MCPs, pause for a while. Women could be biologically superior to you, stronger in some ways.
A new study shows that women ó and only women ó have spines that are specifically adapted to carrying the weight of a fetus out front.
Liza Shapiro is one of the study's authors and an anthropologist at the University of Texas at Austin. Shapiro says a woman's body has had to solve a physics problem.
"It's just like when you're trying to carry a large box in front of you. The weight of the box is trying to pull you forward," she said. "So in order to offset that weight you have to ... contract your back muscles to push your spine the other way."
Ordinarily, this would put a huge strain on the muscles in your back. But when Shapiro and two other researchers studied 19 pregnant women, they discovered this isn't the case.
Shapiro says she and her colleagues realized women are able to carry most of their baby weight on their backbone.
Early in pregnancy, she says, a woman's spine has just a hint of an "S" shape.

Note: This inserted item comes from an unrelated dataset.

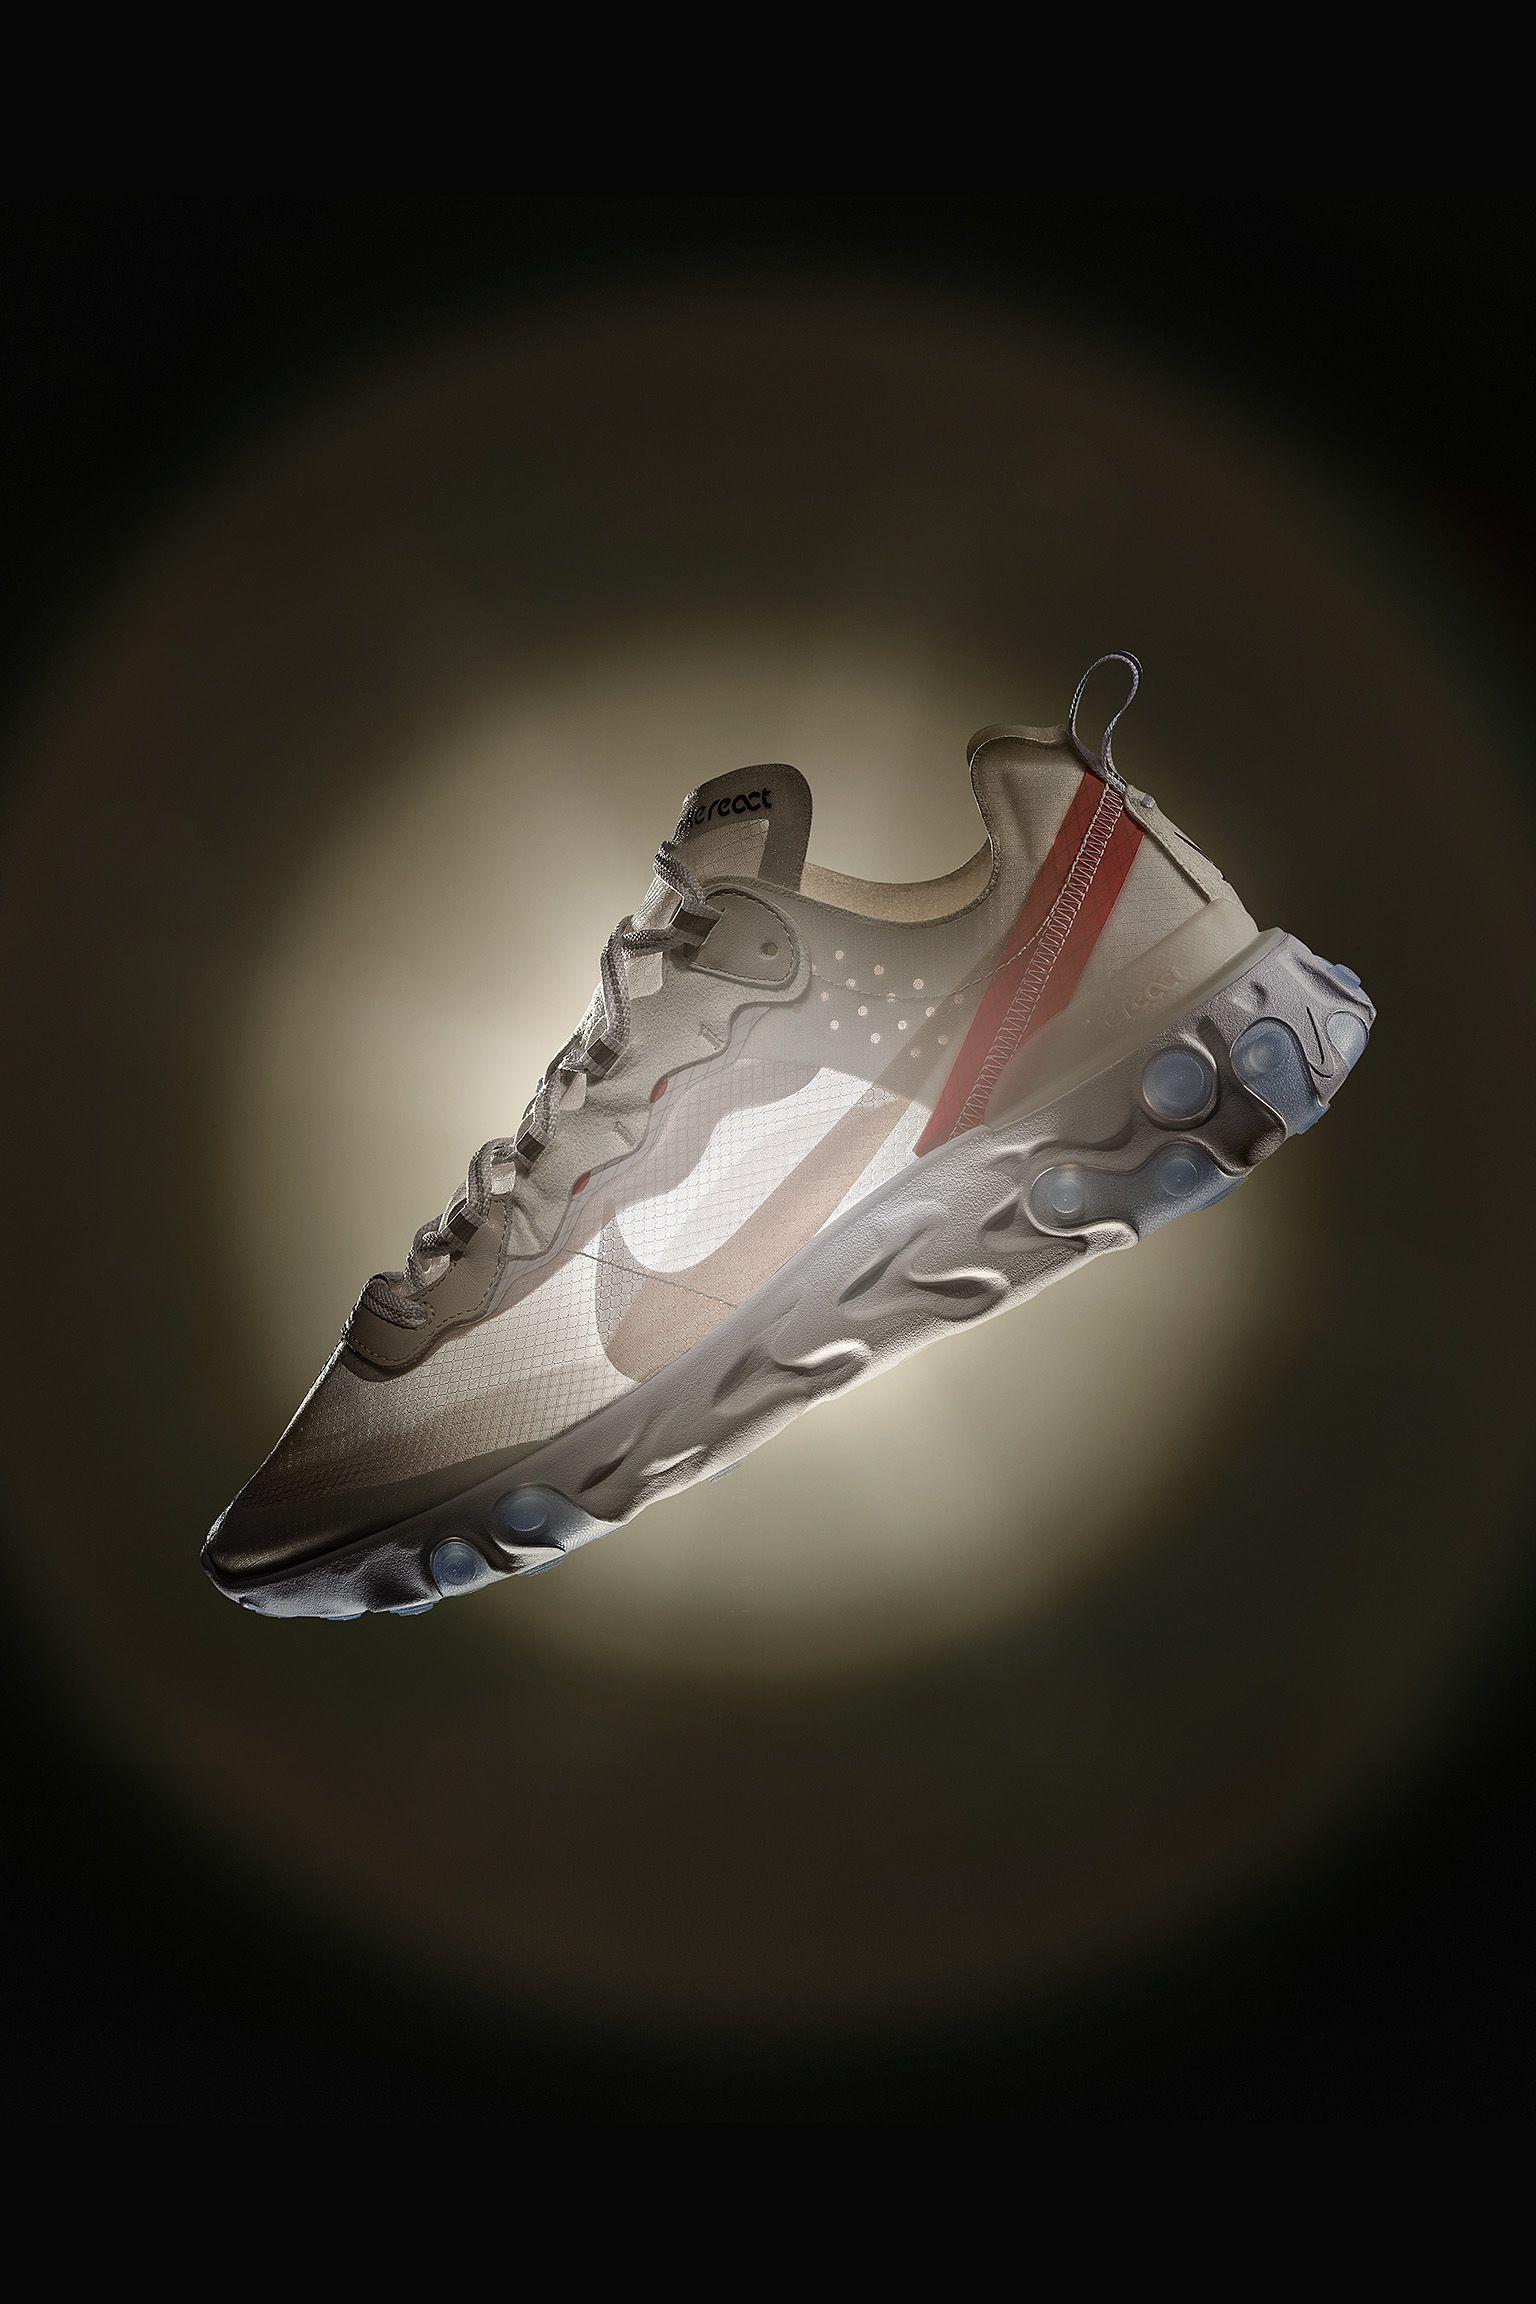 0ccea3b2d75 Tajemství designu  React Element 87. Nike+ SNKRS CZ

"Throughout the pregnancy, as the fetus gets bigger and bigger, women are actively extending their spine, moving their upper body backwards, and increasing the curve of the lower spine," she said.

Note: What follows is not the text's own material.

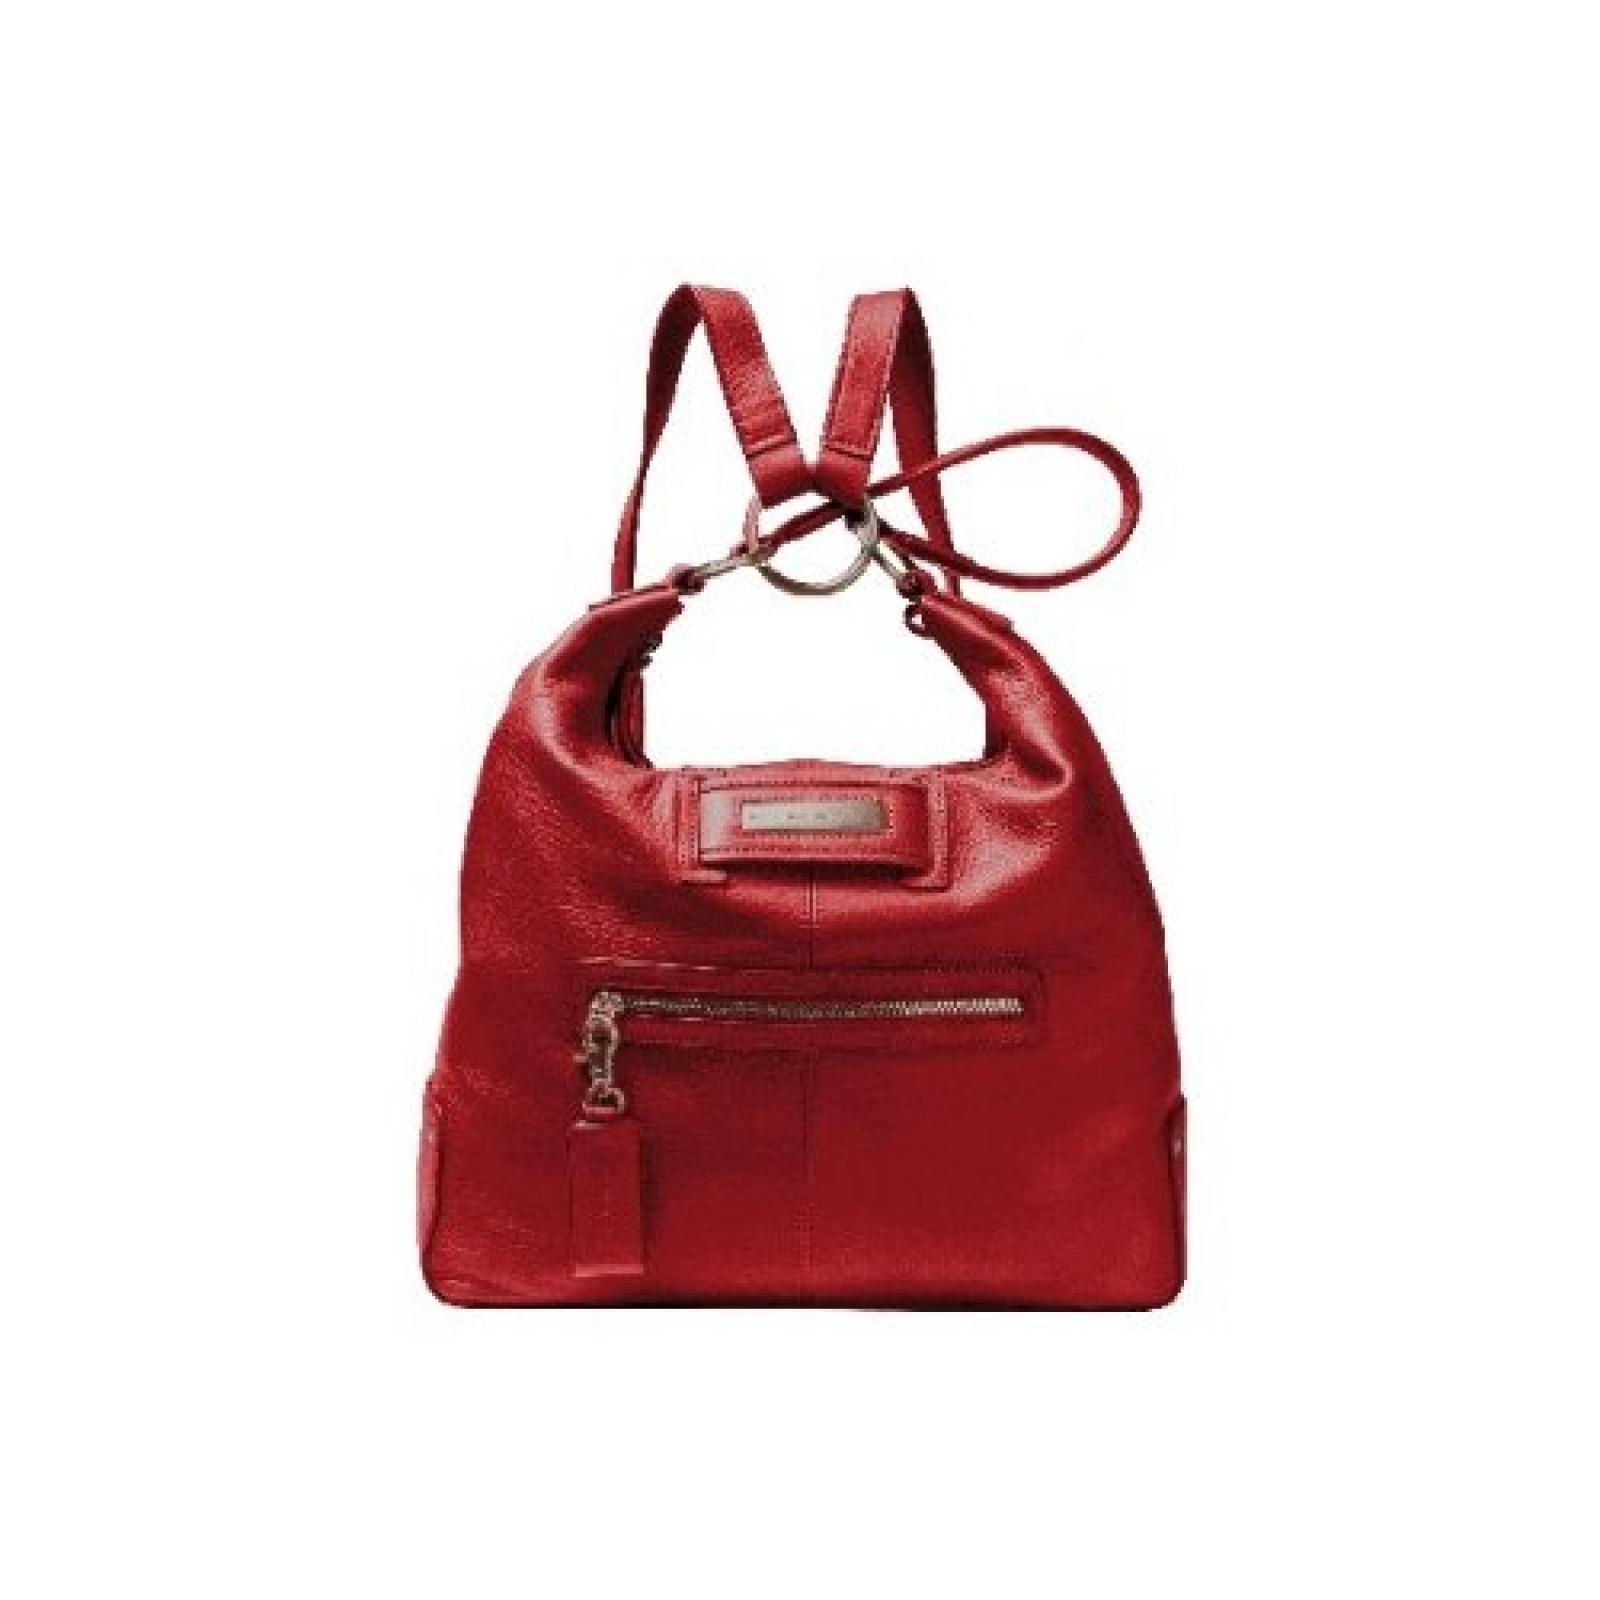 Piquadro Schultertasche aus Leder rot Shimmer BD2238S31/RO

The lower bend in the "S" shape becomes much more pronounced. This allows bone to support much of the weight that would otherwise be carried by back muscles.

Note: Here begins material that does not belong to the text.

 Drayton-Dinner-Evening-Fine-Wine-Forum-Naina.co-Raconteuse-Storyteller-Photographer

Shapiro says it is all possible because a woman's lower back has vertebrae shaped like wedges. And these vertebrae act like the wedge-shaped bricks or stones that architects use to create arches.
Katherine Whitcome, an anthropologist at Harvard, is the study's lead author. She says women have more of these special vertebrae than men do.
"A female has to grow a baby," she said. "The biomechanics of this growing baby, the increasing mass, challenge a female in a way that a male is never challenged."
So in the course of evolution, women's bodies have adapted.
Expectant mothers do get backaches. But they can still do all the things that allow them and their offspring to survive.
Whitcome says a man's spine could temporarily assume the same shape as a pregnant woman's.
But not for nine months.
"It doesn't cause instant failure," she said. "But you can imagine with this long and extended loading that the vertebrae would be subject to fracture and sustain various injuries."
The new study appears in this week's issue of the journal Nature.